- **GOAL OF THE EXERCISE**: Write out every line below that contains "https".

- **EXERCISE DATA**:
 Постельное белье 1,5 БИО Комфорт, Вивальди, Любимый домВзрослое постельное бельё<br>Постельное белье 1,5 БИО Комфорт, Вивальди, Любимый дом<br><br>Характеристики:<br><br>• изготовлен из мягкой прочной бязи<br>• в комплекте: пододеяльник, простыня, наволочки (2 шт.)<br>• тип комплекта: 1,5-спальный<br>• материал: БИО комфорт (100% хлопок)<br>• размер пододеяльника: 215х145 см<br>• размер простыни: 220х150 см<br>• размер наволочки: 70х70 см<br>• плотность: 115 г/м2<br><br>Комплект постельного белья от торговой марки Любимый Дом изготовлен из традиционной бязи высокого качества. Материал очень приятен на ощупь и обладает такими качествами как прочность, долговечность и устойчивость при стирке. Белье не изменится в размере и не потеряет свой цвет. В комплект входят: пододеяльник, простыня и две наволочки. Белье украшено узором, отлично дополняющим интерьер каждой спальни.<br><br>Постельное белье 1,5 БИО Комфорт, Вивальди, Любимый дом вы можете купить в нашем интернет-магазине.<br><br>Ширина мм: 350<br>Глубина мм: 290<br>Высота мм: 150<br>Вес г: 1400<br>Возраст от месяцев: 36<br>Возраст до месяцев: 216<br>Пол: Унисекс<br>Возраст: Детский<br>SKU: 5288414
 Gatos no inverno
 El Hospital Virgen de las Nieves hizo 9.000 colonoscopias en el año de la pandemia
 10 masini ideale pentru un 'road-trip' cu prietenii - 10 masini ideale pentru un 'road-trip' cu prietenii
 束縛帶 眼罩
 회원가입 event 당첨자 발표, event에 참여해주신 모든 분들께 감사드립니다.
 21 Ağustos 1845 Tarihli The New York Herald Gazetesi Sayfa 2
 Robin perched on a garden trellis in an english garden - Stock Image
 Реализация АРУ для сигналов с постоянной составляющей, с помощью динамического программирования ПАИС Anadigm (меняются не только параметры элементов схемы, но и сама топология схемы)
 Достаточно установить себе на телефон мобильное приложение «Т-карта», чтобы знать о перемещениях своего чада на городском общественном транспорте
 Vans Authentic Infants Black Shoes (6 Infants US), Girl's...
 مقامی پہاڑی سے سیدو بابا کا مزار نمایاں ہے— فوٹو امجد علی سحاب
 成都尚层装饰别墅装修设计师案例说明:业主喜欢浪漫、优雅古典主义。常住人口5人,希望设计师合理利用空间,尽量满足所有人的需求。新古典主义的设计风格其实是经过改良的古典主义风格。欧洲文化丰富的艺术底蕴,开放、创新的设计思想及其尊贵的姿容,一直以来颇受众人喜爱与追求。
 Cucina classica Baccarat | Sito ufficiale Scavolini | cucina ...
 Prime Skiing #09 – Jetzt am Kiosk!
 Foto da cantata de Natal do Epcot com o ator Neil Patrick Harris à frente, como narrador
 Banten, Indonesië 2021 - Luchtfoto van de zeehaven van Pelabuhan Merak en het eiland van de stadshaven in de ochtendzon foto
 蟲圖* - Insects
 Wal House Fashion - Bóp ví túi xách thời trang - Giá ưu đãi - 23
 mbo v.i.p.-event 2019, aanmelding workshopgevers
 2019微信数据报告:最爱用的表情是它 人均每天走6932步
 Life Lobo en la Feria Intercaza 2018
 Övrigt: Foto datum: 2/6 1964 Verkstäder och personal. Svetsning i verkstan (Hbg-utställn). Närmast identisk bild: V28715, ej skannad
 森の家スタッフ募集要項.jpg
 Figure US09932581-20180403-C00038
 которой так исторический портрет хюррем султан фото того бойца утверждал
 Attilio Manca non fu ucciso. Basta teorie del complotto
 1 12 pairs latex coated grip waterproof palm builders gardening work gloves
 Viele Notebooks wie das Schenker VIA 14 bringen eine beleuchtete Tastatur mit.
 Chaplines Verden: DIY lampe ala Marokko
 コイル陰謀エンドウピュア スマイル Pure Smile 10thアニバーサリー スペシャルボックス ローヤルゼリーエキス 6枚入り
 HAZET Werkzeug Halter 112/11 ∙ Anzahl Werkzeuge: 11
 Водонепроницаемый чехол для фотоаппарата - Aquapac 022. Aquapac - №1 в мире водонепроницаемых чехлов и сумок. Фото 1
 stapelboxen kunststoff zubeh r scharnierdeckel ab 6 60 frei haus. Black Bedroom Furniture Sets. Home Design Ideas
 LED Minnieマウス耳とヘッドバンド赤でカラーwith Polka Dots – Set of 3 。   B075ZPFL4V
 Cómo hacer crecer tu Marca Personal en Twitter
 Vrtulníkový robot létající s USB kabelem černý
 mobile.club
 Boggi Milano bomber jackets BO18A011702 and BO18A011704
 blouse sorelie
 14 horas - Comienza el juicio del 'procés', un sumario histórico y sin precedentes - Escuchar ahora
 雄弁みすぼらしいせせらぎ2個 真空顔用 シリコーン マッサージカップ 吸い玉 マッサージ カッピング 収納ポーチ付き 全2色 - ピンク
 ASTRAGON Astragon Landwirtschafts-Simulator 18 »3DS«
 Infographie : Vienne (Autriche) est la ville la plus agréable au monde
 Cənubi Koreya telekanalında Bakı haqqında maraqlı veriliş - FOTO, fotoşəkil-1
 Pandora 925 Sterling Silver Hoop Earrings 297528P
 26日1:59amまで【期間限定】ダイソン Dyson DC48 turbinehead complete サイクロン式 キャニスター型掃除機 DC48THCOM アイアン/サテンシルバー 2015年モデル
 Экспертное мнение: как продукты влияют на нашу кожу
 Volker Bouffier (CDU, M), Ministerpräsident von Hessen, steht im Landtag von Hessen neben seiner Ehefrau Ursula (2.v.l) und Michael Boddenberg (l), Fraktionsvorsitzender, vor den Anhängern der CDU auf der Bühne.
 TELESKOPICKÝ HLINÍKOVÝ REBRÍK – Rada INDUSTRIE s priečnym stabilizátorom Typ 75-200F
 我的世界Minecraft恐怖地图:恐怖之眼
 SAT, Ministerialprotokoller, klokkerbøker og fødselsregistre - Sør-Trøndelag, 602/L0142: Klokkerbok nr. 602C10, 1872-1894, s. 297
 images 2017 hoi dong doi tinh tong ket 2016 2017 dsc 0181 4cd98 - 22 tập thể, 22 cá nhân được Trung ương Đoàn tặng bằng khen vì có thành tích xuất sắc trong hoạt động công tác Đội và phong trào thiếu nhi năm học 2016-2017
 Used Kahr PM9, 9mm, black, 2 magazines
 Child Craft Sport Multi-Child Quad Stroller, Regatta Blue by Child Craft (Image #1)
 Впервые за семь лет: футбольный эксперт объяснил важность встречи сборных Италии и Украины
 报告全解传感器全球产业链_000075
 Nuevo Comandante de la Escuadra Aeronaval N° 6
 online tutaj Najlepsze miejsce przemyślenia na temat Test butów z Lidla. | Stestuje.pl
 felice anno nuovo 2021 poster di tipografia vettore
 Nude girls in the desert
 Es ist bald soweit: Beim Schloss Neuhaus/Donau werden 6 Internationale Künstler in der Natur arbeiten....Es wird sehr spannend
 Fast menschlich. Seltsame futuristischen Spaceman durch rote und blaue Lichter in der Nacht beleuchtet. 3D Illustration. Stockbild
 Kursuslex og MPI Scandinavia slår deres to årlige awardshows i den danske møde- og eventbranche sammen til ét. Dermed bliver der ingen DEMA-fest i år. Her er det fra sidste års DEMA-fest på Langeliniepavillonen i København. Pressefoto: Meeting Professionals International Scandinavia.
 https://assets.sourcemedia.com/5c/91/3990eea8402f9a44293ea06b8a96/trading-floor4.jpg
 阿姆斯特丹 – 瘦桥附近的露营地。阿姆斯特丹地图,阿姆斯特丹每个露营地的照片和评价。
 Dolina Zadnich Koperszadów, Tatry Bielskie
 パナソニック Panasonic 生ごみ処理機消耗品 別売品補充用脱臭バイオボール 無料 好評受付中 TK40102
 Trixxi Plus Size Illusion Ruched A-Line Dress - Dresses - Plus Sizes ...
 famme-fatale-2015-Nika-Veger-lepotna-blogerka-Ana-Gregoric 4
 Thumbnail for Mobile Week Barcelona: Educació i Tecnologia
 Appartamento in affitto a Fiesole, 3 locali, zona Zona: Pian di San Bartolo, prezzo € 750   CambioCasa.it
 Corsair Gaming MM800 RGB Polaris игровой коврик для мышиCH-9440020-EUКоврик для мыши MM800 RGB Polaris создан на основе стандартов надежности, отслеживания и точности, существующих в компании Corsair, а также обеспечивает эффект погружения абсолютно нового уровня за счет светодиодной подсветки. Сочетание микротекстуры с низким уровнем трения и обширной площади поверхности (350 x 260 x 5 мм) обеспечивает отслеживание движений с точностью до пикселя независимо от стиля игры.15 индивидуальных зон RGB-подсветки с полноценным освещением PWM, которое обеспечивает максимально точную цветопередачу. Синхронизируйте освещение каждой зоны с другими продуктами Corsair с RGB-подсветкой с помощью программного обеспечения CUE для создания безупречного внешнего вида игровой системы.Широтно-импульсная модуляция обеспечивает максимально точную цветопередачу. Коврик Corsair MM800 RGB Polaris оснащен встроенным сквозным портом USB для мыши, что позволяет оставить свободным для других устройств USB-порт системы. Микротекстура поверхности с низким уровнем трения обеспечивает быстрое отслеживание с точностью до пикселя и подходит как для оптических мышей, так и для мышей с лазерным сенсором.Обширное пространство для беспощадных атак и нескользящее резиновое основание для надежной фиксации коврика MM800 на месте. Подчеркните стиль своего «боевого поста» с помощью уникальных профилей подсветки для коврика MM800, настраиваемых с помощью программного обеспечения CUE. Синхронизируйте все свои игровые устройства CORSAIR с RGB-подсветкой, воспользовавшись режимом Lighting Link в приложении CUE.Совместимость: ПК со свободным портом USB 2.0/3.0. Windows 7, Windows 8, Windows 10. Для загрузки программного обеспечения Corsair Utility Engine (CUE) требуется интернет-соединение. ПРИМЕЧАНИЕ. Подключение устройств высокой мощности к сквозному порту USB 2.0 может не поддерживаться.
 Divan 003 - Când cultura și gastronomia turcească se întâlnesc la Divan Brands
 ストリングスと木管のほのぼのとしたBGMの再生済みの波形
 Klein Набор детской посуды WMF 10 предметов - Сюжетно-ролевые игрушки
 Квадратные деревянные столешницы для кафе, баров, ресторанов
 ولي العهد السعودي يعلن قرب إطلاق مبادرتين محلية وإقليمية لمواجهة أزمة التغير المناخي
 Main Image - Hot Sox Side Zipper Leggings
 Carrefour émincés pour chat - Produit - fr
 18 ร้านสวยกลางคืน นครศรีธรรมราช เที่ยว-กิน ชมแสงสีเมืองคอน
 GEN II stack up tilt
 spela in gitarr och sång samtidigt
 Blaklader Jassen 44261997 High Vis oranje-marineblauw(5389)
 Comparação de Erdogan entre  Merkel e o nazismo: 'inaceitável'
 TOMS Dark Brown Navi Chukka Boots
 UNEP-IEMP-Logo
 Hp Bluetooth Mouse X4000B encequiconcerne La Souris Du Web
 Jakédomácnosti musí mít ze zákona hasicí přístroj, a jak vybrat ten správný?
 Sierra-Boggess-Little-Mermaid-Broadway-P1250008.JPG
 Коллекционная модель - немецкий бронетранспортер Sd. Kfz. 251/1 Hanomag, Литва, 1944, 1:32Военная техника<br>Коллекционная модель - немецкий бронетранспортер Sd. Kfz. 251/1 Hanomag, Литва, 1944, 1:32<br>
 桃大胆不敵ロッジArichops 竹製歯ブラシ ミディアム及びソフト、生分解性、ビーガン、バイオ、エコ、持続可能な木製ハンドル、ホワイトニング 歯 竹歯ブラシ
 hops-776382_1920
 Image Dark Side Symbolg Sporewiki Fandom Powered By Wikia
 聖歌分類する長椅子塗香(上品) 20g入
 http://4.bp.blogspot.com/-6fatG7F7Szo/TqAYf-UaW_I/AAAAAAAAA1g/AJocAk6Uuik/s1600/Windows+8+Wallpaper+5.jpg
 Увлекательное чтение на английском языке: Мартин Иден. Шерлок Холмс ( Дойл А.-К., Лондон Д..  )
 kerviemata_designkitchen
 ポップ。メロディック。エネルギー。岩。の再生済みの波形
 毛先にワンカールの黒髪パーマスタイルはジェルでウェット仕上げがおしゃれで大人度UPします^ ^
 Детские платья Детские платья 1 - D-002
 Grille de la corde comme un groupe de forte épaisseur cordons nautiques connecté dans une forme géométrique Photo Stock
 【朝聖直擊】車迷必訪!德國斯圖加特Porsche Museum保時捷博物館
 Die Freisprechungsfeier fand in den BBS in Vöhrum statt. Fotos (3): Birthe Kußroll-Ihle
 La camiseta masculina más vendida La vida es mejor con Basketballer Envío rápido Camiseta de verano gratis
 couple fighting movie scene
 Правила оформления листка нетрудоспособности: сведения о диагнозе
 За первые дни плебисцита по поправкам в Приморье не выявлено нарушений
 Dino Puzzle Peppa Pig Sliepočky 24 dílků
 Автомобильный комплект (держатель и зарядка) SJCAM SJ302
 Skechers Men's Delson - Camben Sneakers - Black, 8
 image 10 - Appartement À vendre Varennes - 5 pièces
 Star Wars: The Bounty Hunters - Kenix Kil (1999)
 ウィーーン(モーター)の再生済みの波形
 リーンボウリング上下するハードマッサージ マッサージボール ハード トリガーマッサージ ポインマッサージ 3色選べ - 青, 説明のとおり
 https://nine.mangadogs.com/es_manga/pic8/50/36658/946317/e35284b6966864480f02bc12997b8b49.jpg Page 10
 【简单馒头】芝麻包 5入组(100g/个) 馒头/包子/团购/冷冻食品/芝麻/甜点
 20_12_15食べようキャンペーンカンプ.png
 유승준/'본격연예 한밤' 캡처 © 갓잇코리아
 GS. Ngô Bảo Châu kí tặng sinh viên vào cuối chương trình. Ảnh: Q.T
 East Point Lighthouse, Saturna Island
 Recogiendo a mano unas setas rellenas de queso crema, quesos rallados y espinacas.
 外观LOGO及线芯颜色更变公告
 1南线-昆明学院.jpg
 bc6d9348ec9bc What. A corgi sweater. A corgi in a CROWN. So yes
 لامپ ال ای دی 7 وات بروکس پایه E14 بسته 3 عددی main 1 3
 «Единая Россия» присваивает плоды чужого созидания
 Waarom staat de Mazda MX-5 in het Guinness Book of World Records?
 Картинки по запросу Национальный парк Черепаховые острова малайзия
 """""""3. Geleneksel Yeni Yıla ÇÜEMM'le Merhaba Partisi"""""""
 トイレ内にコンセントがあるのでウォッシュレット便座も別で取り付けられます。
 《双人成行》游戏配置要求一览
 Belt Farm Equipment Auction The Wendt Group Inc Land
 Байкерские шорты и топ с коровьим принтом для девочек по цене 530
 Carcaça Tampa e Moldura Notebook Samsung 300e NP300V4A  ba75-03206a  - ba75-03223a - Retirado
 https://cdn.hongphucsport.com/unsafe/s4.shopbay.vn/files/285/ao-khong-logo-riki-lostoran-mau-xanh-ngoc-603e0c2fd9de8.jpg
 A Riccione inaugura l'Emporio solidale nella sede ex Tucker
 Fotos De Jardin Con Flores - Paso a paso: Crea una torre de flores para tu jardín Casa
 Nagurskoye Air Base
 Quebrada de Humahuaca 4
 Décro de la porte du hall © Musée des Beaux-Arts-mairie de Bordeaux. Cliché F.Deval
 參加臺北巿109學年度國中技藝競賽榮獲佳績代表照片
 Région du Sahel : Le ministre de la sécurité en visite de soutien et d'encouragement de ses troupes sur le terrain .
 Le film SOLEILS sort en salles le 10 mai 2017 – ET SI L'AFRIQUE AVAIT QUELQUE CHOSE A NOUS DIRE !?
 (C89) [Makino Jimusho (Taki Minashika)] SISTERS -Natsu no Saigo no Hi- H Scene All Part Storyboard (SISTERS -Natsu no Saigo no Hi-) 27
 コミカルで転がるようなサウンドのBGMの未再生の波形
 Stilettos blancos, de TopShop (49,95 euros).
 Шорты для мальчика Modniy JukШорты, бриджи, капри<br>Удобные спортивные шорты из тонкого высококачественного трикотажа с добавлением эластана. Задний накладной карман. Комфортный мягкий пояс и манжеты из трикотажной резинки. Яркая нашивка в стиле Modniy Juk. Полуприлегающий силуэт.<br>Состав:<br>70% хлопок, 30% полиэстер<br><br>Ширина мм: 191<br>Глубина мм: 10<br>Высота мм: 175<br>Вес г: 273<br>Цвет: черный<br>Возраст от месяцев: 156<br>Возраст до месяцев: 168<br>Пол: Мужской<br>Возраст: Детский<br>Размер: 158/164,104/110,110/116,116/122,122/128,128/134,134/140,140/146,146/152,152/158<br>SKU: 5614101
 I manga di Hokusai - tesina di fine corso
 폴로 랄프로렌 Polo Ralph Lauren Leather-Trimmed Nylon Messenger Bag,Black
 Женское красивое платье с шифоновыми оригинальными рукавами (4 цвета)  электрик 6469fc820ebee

- **EXERCISE ANSWER**:
 https://assets.sourcemedia.com/5c/91/3990eea8402f9a44293ea06b8a96/trading-floor4.jpg
 https://nine.mangadogs.com/es_manga/pic8/50/36658/946317/e35284b6966864480f02bc12997b8b49.jpg Page 10
 https://cdn.hongphucsport.com/unsafe/s4.shopbay.vn/files/285/ao-khong-logo-riki-lostoran-mau-xanh-ngoc-603e0c2fd9de8.jpg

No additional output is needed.